In order to solve the above-mentioned problems, the present invention provides a method of manufacturing a semiconductor device having an SOI structure so that a semiconductor device having an SOI structure can be obtained without using an adhesive for bonding. did.

[0007]

A semiconductor device having an SOI structure excellent in reliability and durability can be obtained by realizing a bonding method without using an adhesive, so that an active matrix type liquid crystal display device used for one of the substrates is realized. Becomes possible.

[0008]

DETAILED DESCRIPTION OF THE PREFERRED EMBODIMENTS An embodiment of the present invention will be described below with reference to the drawings. 1A, a source 2, a drain 3, a gate insulating film 4, a gate electrode 5, a field oxide film 6, an interlayer insulating film of a MOS transistor are formed on a single crystal silicon substrate 1 by a normal LSI process. A film 7, a metal electrode 8, and the like are formed. By forming these regions, irregularities of 1 to 3 microns occur on the substrate surface on which the elements are formed.

In the step of FIG. 1B, a protective insulating film 9 is formed on the surface of the element substrate.
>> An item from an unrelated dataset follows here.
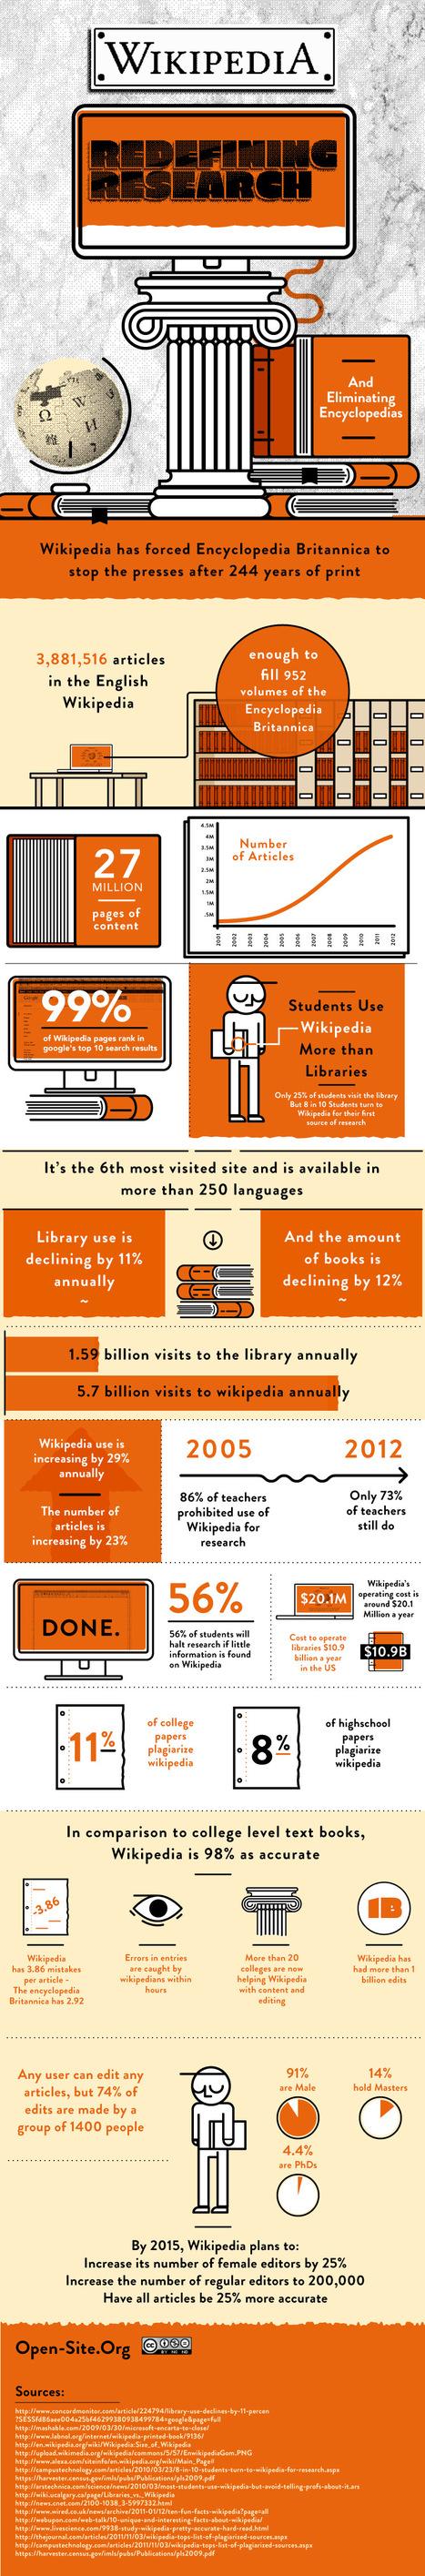 Qualche dato suWikipedia | Web 2.0 Marketing Social & Digital Media | Scoop.it

The thickness of the protective insulating film is made larger than the irregularities on the surface of the element substrate. In the step of FIG. 1C, the surface of the protective insulating film is flattened and smoothed by polishing, grinding, or the like.

In the step shown in FIG. 2A, the flattened surface of the element substrate and the insulating substrate 10 such as glass are joined to face each other. As a means for bonding, a so-called anodic bonding method in which a high electric field is applied to perform bonding is used. In the step of FIG. 2B, a region where no element is formed on the non-bonding surface side of the single crystal silicon substrate is removed by grinding, polishing, chemical etching, or the like.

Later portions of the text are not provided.